只有符合“前矩阵列数 = 后矩阵行数”的两个矩阵才能相乘，矩阵相乘的结果是一个新的矩阵，这个矩阵的行数为前矩阵行数，列数为后矩阵列数。

例如： $m_1 \times n$ 与 $n \times m_2$ 的两个矩阵可以相乘（中间两个数相等），运算的结果是一个 $m_1 \times m_2$ 的新矩阵（即外围两个数字）。

矩阵乘法的规则是 $c_{ij} = \sum_{k=1}^{s} a_{ik} b_{kj}$ ，即等于 A 的第 i 行与 B 的第 j 列对应元素相乘再求和。
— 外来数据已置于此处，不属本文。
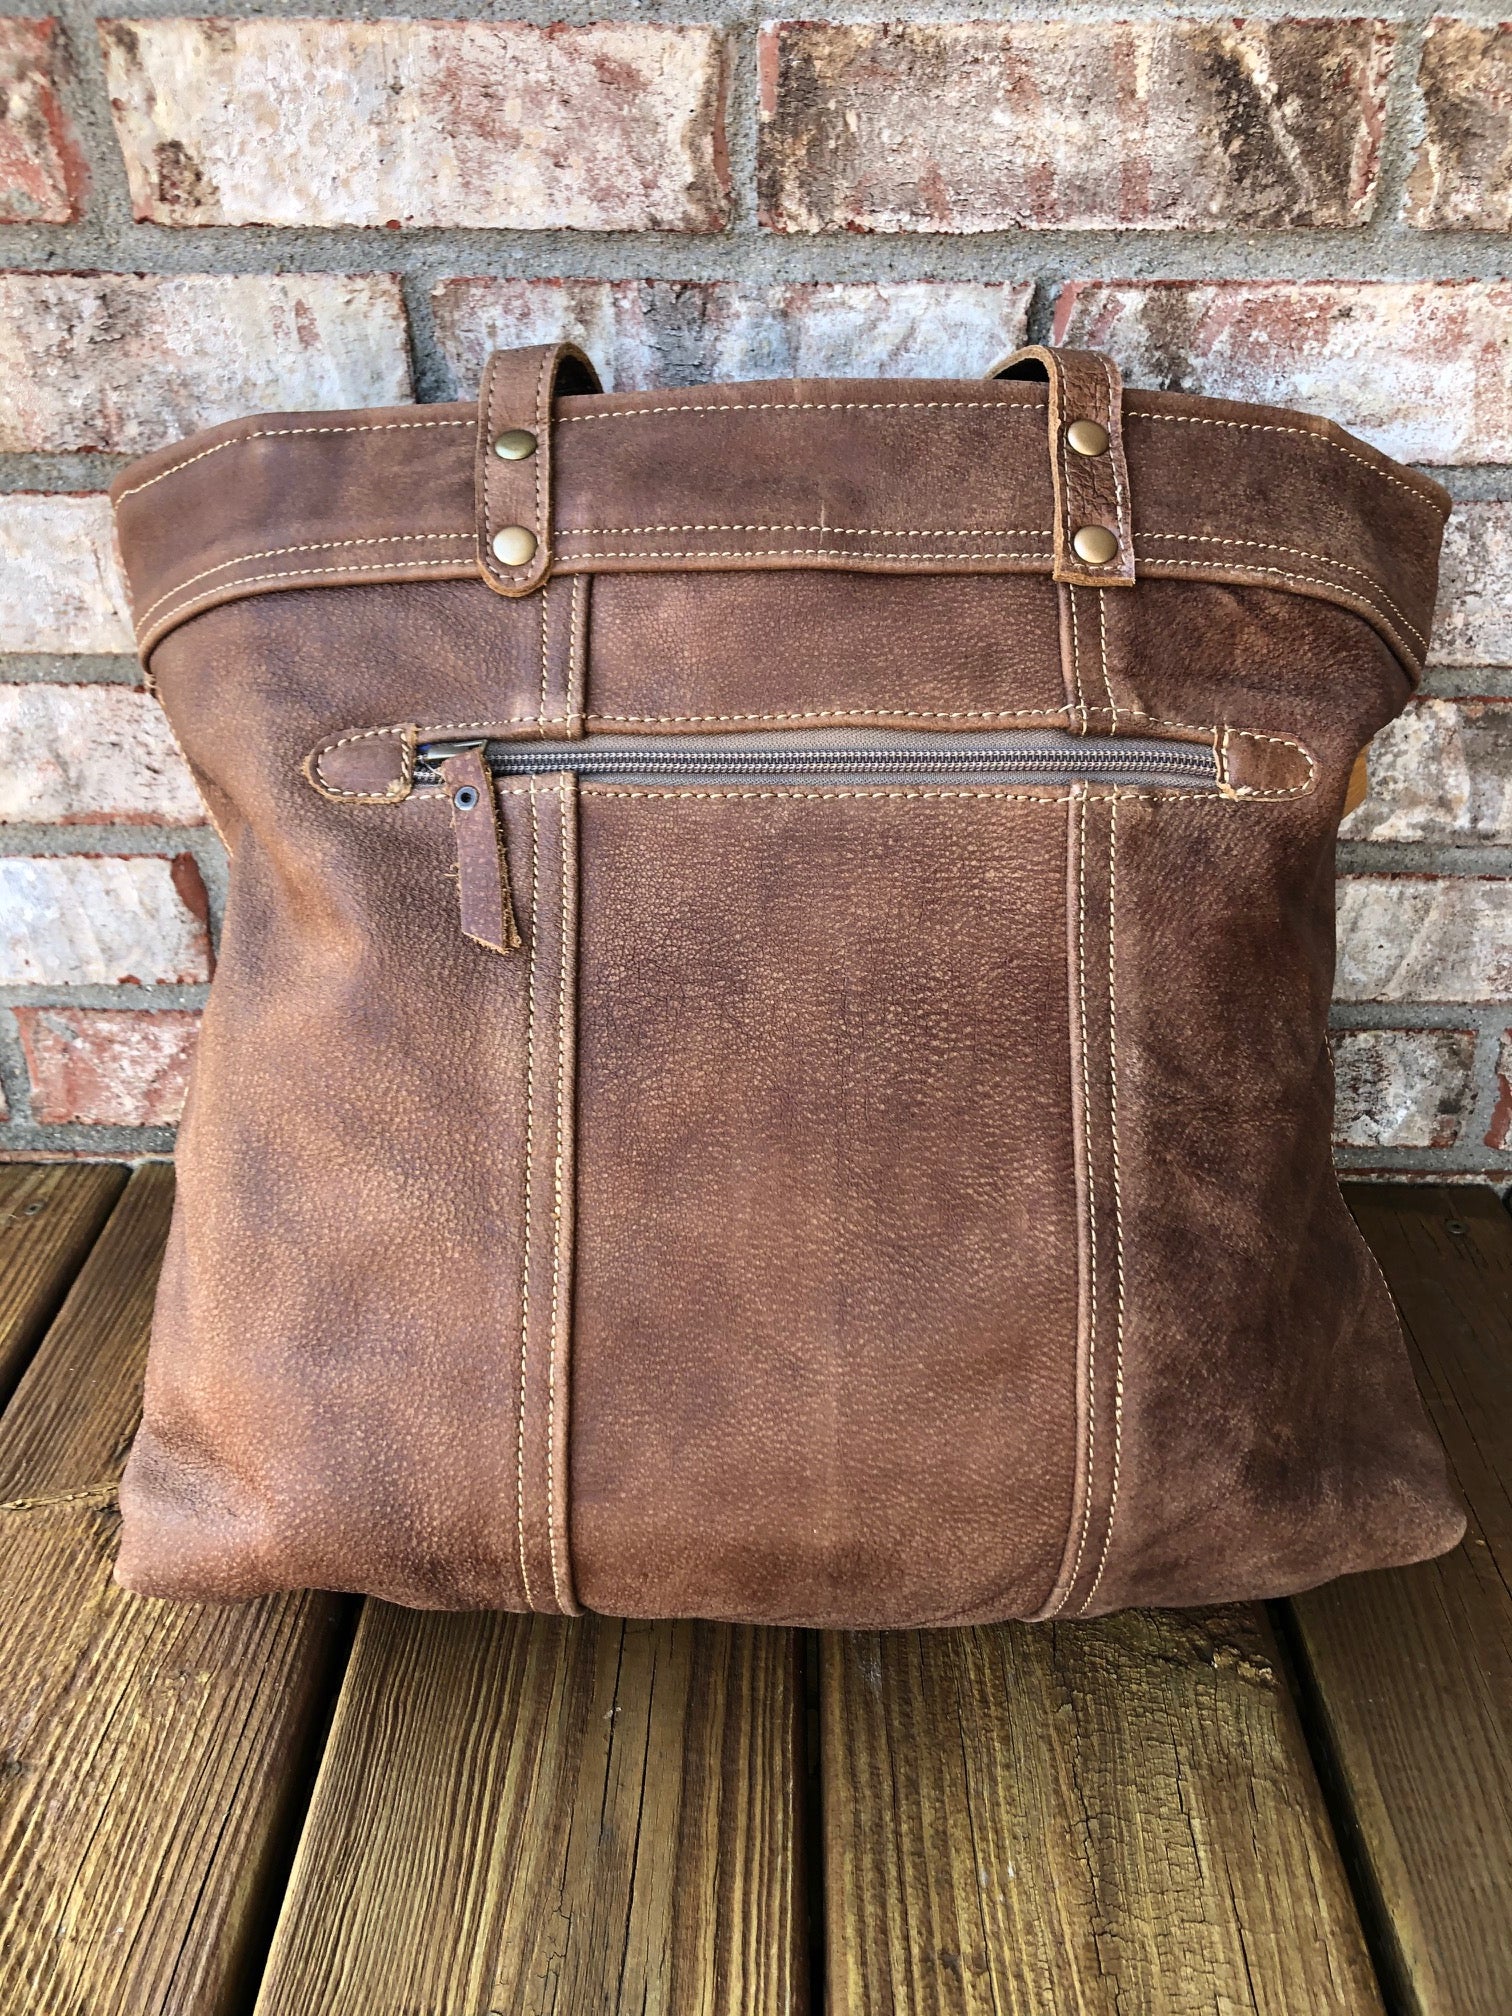 Banana Republic Extra Large Buttery Soft Brown Leather Duffel Tote Shopper  Overnight Purse Book Wide Strap Shoulder Bag Travel Southwestern - Etsy

\begin{aligned} A &= \begin{pmatrix} 1 & 2 \\ 3 & 4 \end{pmatrix},\quad B = \begin{pmatrix} 5 & 6 \\ 7 & 8 \end{pmatrix} \\[6pt] AB &= \begin{pmatrix} 1\cdot5+2\cdot7 & 1\cdot6+2\cdot8 \\ 3\cdot5+4\cdot7 & 3\cdot6+4\cdot8 \end{pmatrix} \\[6pt] &= \begin{pmatrix} 19 & 22 \\ 43 & 50 \end{pmatrix} \end{aligned}

矩阵乘法不满足交换律：

AB \neq BA

在顺序不变的前提下，矩阵乘法满足结合律和分配律：

(AB)C = A(BC)

A(B+C) = AB + AC

在矩阵乘法中，单位矩阵充当 1 的角色：

AE = A = EA

两个非零矩阵相乘可能等于零矩阵，因此 $AB = O \nRightarrow A=O \text{ 或 } B=O$ 。

同时，对于以下这个方程，不可以同时约掉 A 来求解：

AB = AC \nRightarrow B=C

矩阵的转置

将矩阵的行与列互换，得到一个新的矩阵，就是矩阵的转置矩阵。

A = \begin{pmatrix} 1 & 2 & 3 \\ 4 & 5 & 6 \end{pmatrix}

A^T = \begin{pmatrix} 1 & 4 \\ 2 & 5 \\ 3 & 6 \end{pmatrix}

矩阵转置两次得到其本身：

(A^T)^T = A

加法的转置等于转置的加法，即两个矩阵相加后转置，等价于分别转置后再相加。

(A+B)^T = A^T + B^T

数乘的转置等于转置的数乘，数乘矩阵后转置，等价于转置后再数乘。

(kA)^T = kA^T

而矩阵乘法的转置相对较为复杂，需要对矩阵的循序做一次倒序变换：

(AB)^T = B^T A^T

(A_1A_2\cdots A_n)^T = A_n^T A_{n-1}^T \cdots A_1^T

若矩阵等于其转置矩阵，我们称这个矩阵是对称矩阵，对称矩阵的元素关于主对角线对称；同样的，满足矩阵等于其转置矩阵乘 -1 的矩阵，我们称之为反对称矩阵。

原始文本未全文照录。